The distribution of this press release may in some countries be restricted by law or regulation. Accordingly, persons who come into possession of this document should inform themselves of and observe these restrictions. To the fullest extent permitted by applicable law, Unilever disclaims any responsibility or liability for the violation of any such restrictions by any person. Any failure to comply with these restrictions may constitute a violation of the securities laws of that jurisdiction. Neither Unilever, nor any of their advisors assumes any responsibility for any violation by any person of any of these restrictions. Any holder of Preference Shares in Unilever N.V. who is in any doubt as to his position should consult an appropriate professional advisor without delay.

 

Cautionary Statement regarding Forward-Looking Statements

This announcement may contain forward-looking statements.
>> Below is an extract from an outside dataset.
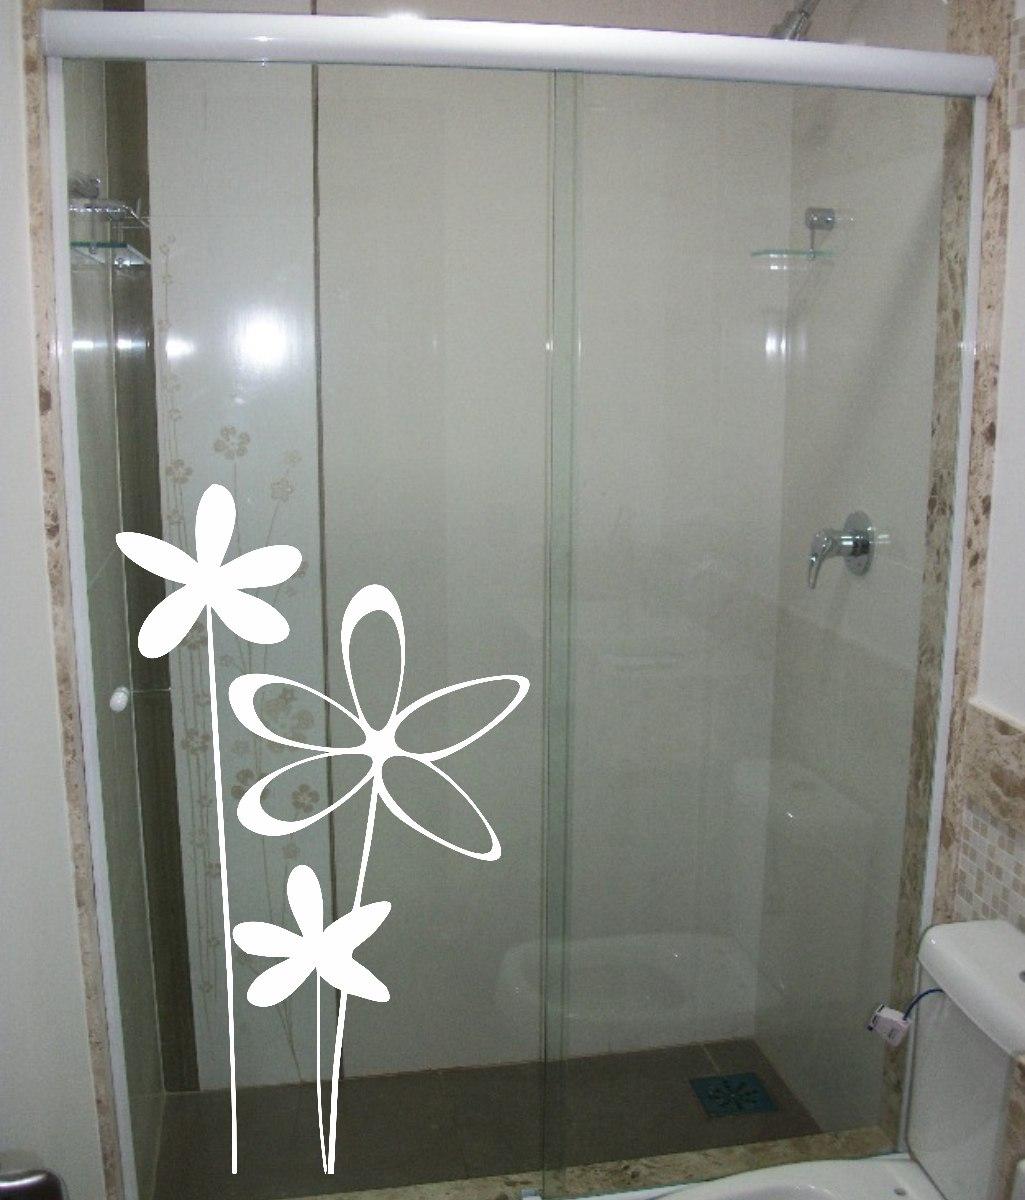 Tuca Artesanato Resende Costa ~ Adesivo Decorativo Parede Box Vidro Banheiro Flor Floral R$ 21,99 em Mercado Livre
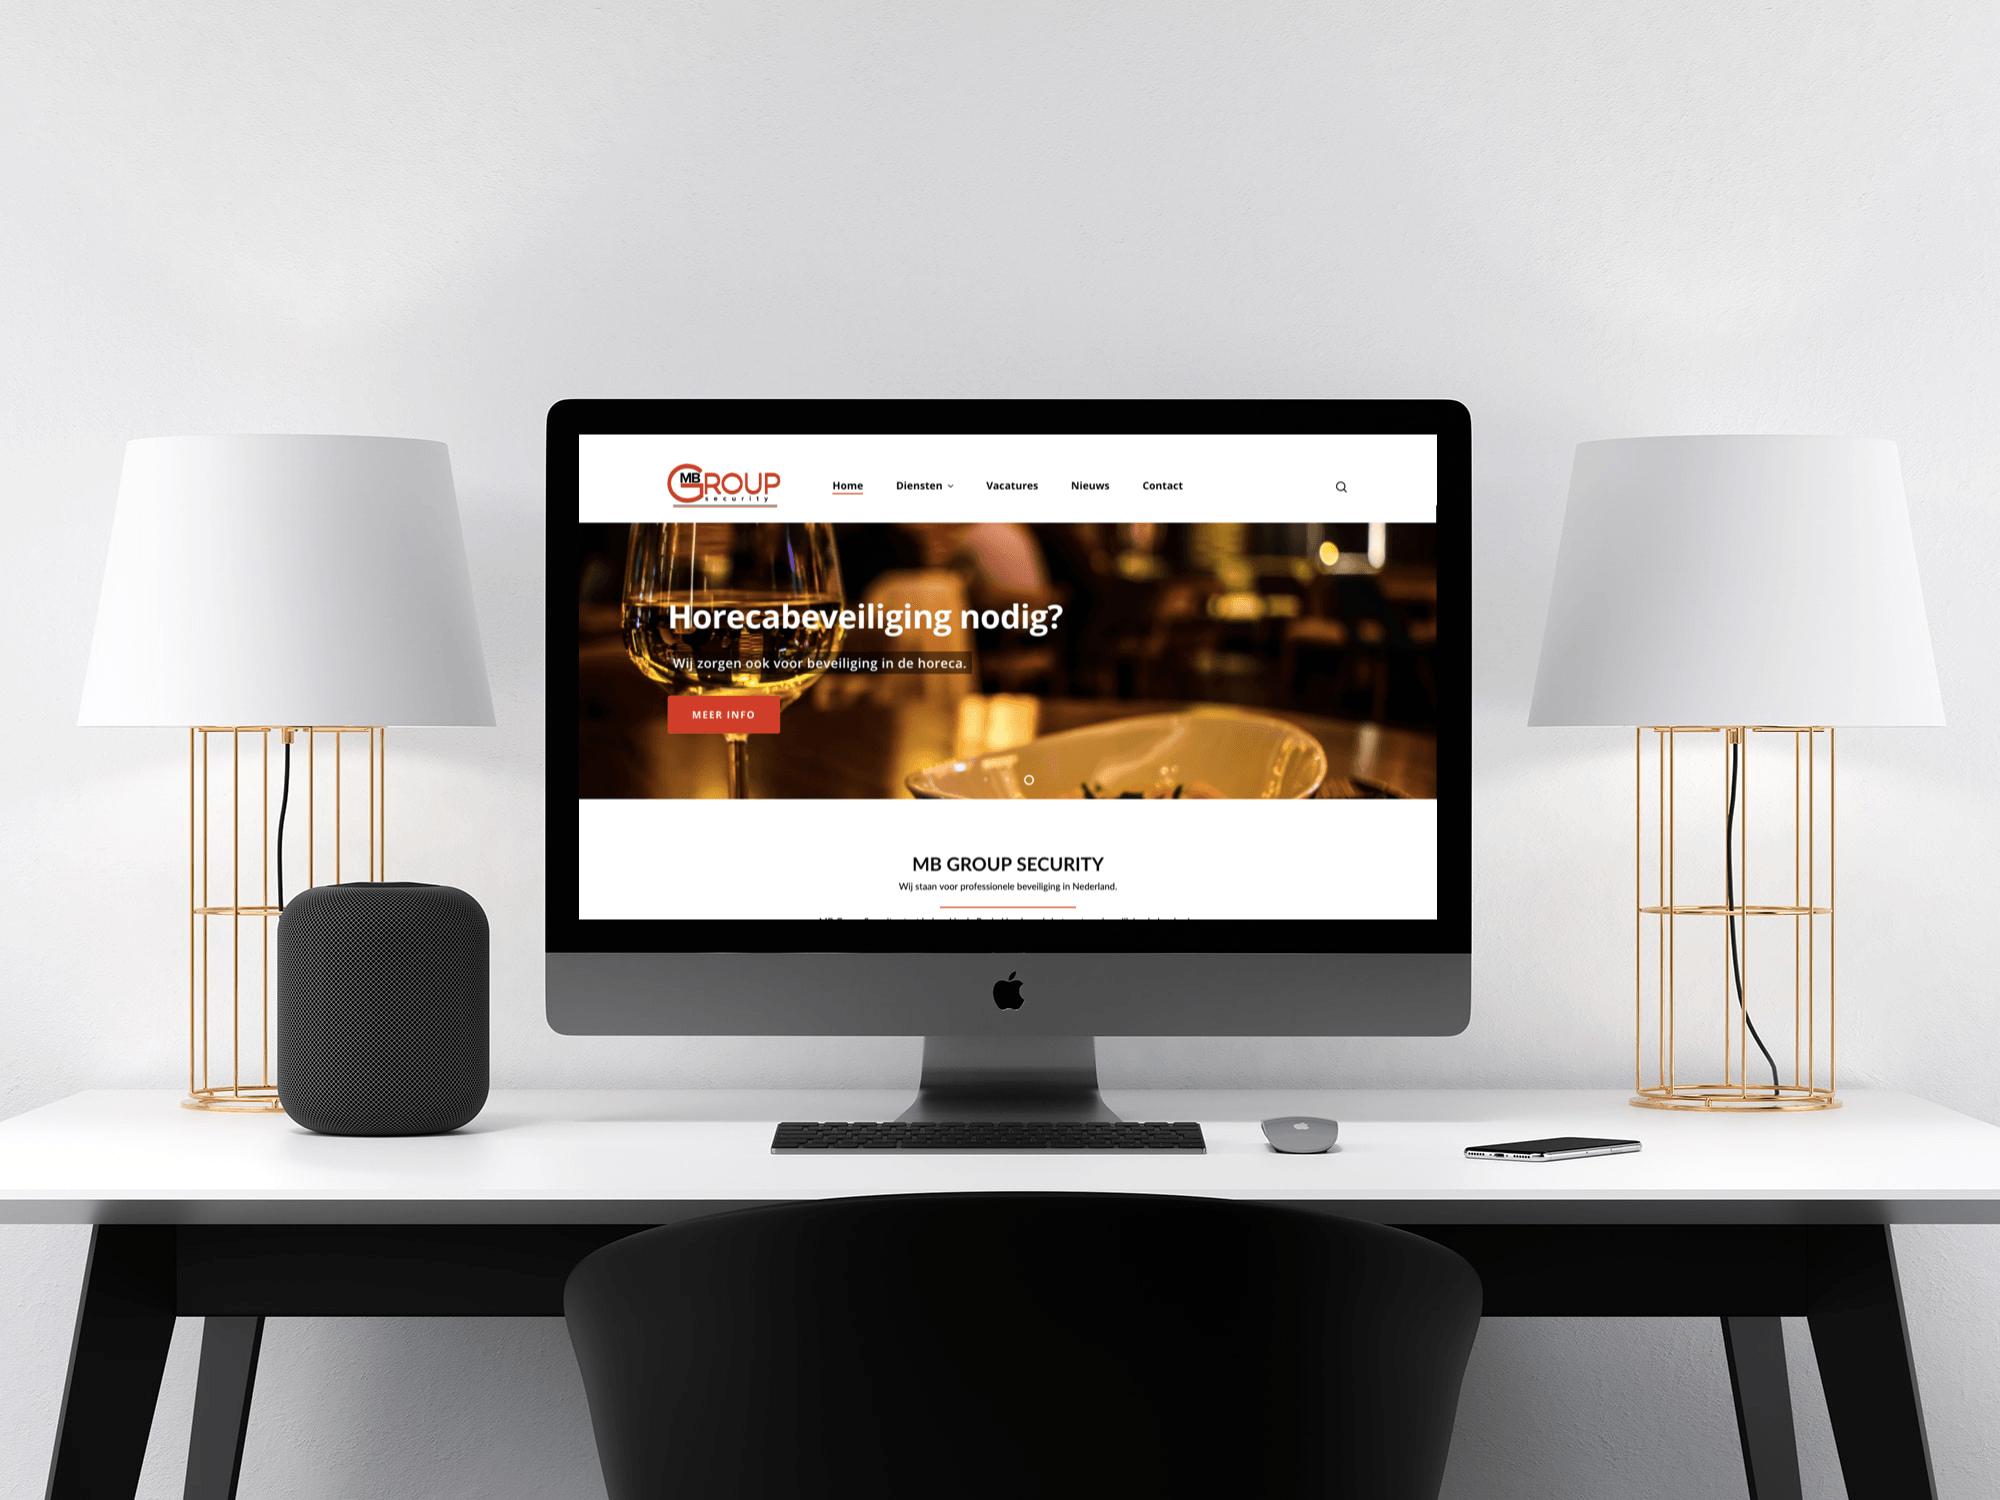 webdesign amsterdam gebouwd door lion creations voor het bedrijf mb group security

Words such as ‘will’, ‘intends’, or the negative of these terms and other similar expressions and their negatives, are intended to identify such forward-looking statements. These forward-looking statements are based upon current expectations and assumptions. They are not historical facts, nor are they guarantees of future performance.

 

These forward-looking statements speak only as of the date of this announcement. Except as required by any applicable law or regulation, the Unilever Group expressly disclaims any obligation or undertaking to release publicly any updates or revisions to any forward-looking statements contained herein to reflect any change in Unilever Group's expectations with regard thereto or any change in events, conditions or circumstances on which any such statement is based. Further details of potential risks and uncertainties affecting the Unilever Group are described in Unilever Group's filings with the London Stock Exchange, Euronext Amsterdam and the US Securities and Exchange Commission, including in the Annual Report on Form 20-F 2016 and the Unilever Annual Report and Accounts 2016.

 

This announcement contains inside information in relation to the Preference Shares in Unilever N.V. This is a public announcement pursuant to section 17 paragraph 1 of the European Market Abuse Regulation (596/2014).